The best results come when the national understands the local, and the local can shape the national. This feedback loop rarely happens by accident; it needs people who can see both horizons and make the connections between them.
As devolution gathers pace, and new tiers are introduced, we will need many more of those connectors. People who can link policy with practice and bring coherence to systems that are still evolving.
Why it matters
The next decade will be decisive for how we shape the future of our towns, cities and communities. The pressures of demographic change, economic transition and environmental challenge will not ease, and public resources will continue to be stretched.

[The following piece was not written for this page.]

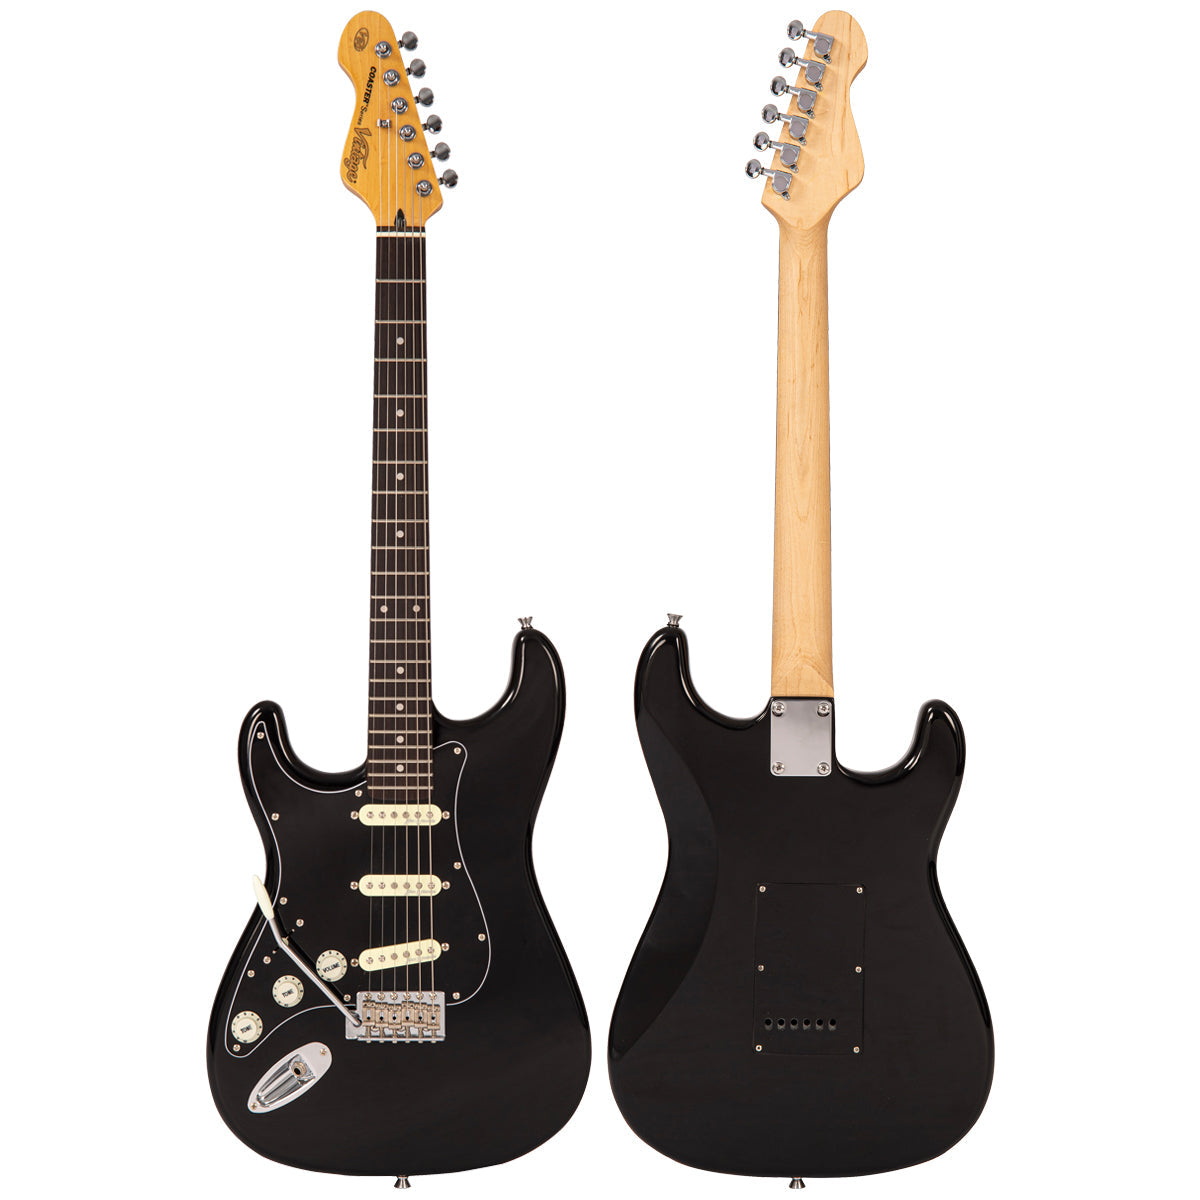 Vintage V60 Coaster Series Electric Guitar Pack ~ Left Hand Boulevard Black, Left Hand Electric Guitars for sale at Richards Guitars.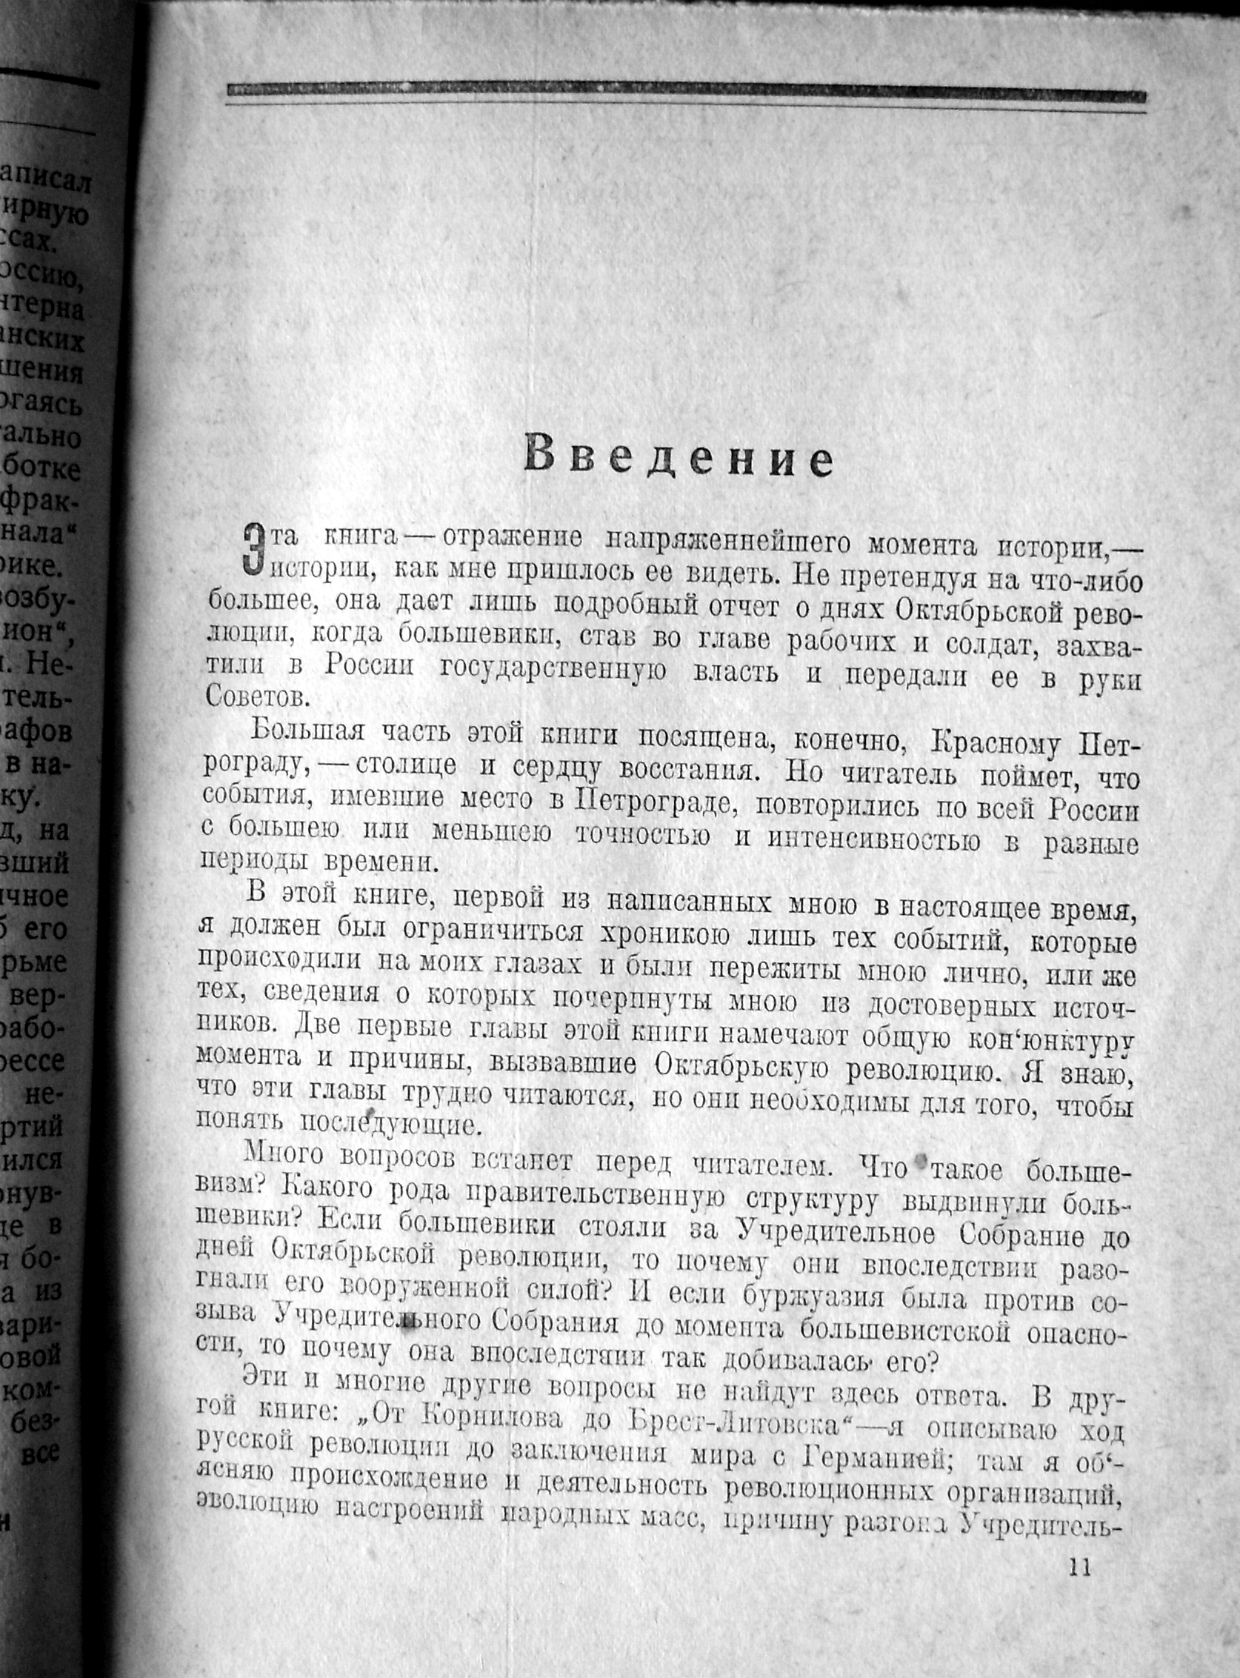 Редкое  издание  Джона Рида «Десять дней  в городе Москва, фото 3, стоимость: 3 000 руб.

The UK is full of people who care deeply about the places they live and work in, and who have the knowledge and creativity to make them thrive. We need to find a way to stop being less than the sum of our parts, and become greater than them again.
We’ll do this by joining up well: between national and local, public and private, policy and delivery. By using our collective power to turn ambition into action.
That is the work I want PlaceSense to contribute to, alongside others who share the same sense of purpose. The more we can listen, learn and link our efforts, the more we can make progress that lasts.
When connections are made, we do more than make better plans. We create stronger, fairer and more confident places. Places that not only function but genuinely feel like home.